Sharon Camp, president and CEO of Women’s Capital Corp., the developer of Plan B, estimates that the pill is available in just 20 percent of pharmacies nationwide.

“People [nonprofit organizations] in the field are telling us that no more than one in five pharmacies are carrying it,” Camp said.

Pharmacies have seen few prescription requests, so they are not stocking it, she said.

“When people do want to write (prescriptions), they call around and find out no one is filling the prescriptions,” Camp said.

In an effort to increase awareness about Plan B, Women’s Capital Corp. sent direct mail to 75,000 retail pharmacies nationwide in November. The company tracked responses through its call center, “but we didn’t notice anything significant from the mailing,” she said.

The company also has done outbound telemarketing and sent its sales force to pharmacies in New York, Baltimore, Washington and parts of California, Oregon, Washington state and Alaska.

Camp said the Web can help women who can’t get the morning-after pill locally.

“A woman who can’t find it in a pharmacy can order it online once she gets a prescription,” she said.

That’s where GetThePill and VirtualMedicalGroup come in. These sites connect women with doctors who will write prescriptions.

Getting prescriptions online speeds the process and could make all the difference, especially over a long holiday weekend. Morning-after pills are ineffective if taken more than 72 hours after unprotected sex.

Applications are filled out online or printed out and faxed in. Physicians review the applications. If approved, a prescription is e-mailed to the person requesting the pill or to the pharmacy where the prescription is to be filled.

Women with prescriptions can order pills from WebRx.com, which gets Plan B directly from Women’s Capital Corp. WebRx warns women that, “If you have just had unprotected sexual intercourse and are worried about pregnancy, WebRx requires that you upgrade shipping method to overnight upon completing your prescription order.”

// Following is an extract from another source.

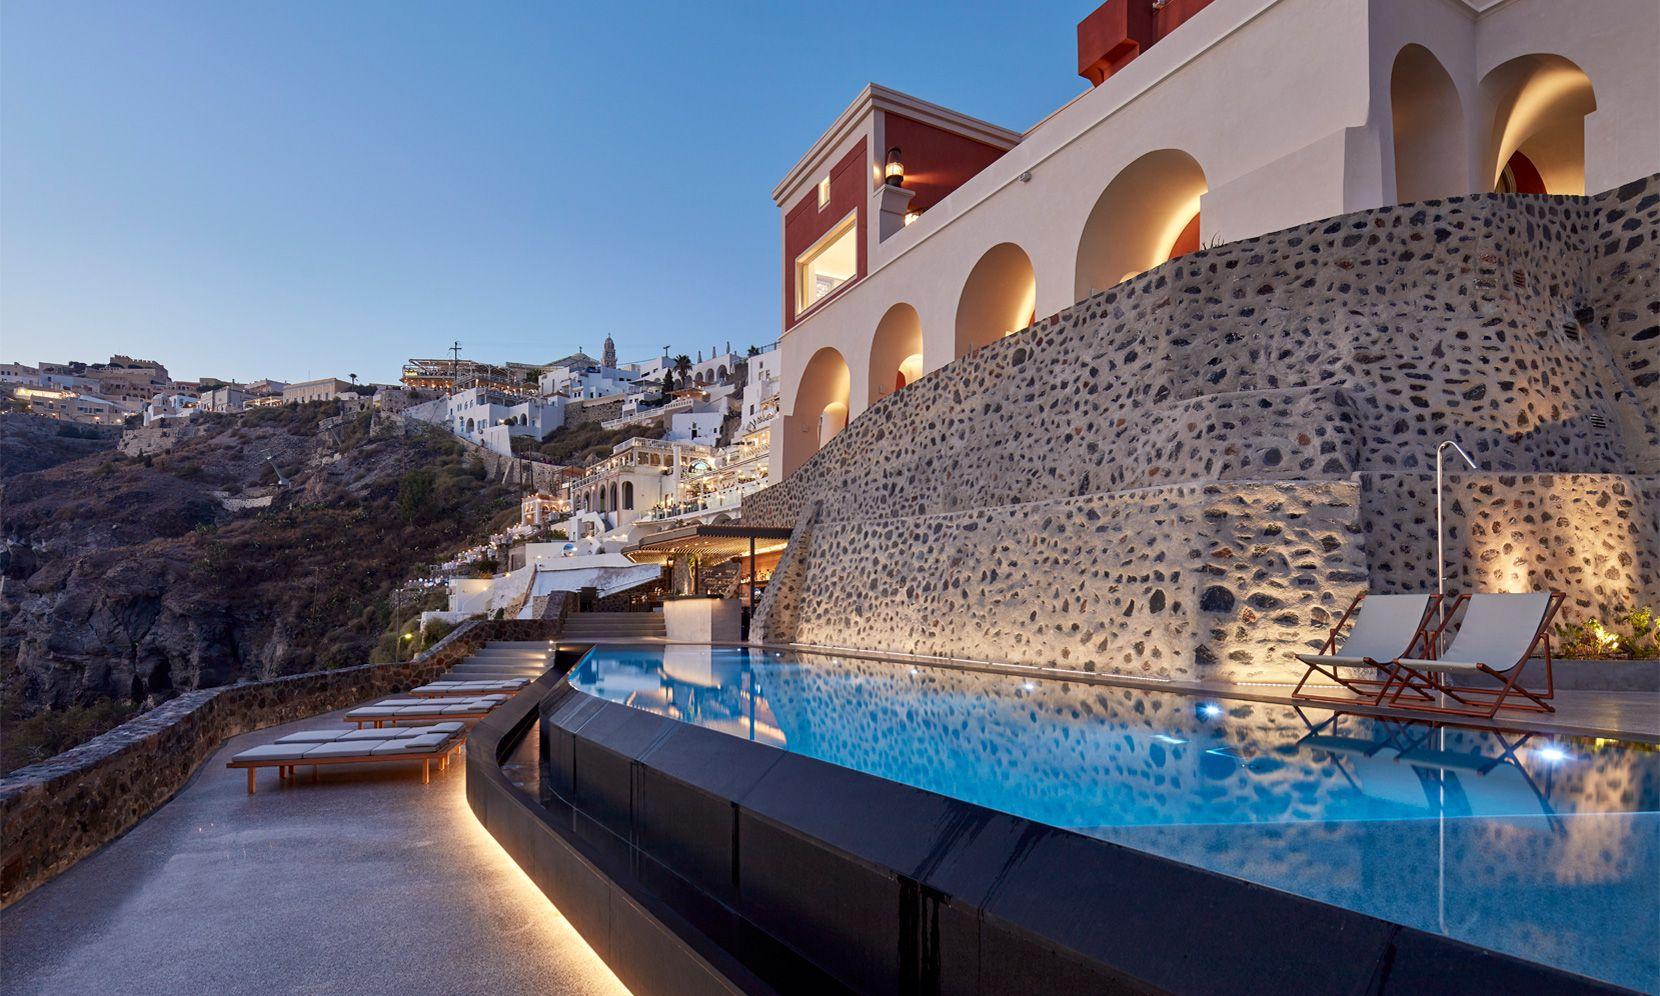 Santorini Villa Sonata jumbotron image

GetThePill charges $20 to review applications and write prescriptions. It is affiliated with CVS, Eckerd, Rite Aid, Walgreens and Phar-Mor, but patients can have prescriptions filled at the pharmacy of their choice if that pharmacy carries the pills.

Since first offering Plan B at the end of December, VirtualMedicalGroup is averaging about 12 orders per day. It charges $79. This includes application review, the cost of the pills and shipping.

Most leads are referred to VirtualMedicalGroup from www.not-2-late.com, a Princeton University informational Web site.

VirtualMedicalGroup has reviewed applications and sent prescription orders to pharmacies in as little as two hours. But Malik cautions against waiting until the last moment. The company has failed twice at getting prescriptions filled on time. She urges women to fill out applications online as soon as possible so the pills can be mailed to them. This bypasses many of the fulfillment problems caused by the lack of pharmacies that carry Plan B.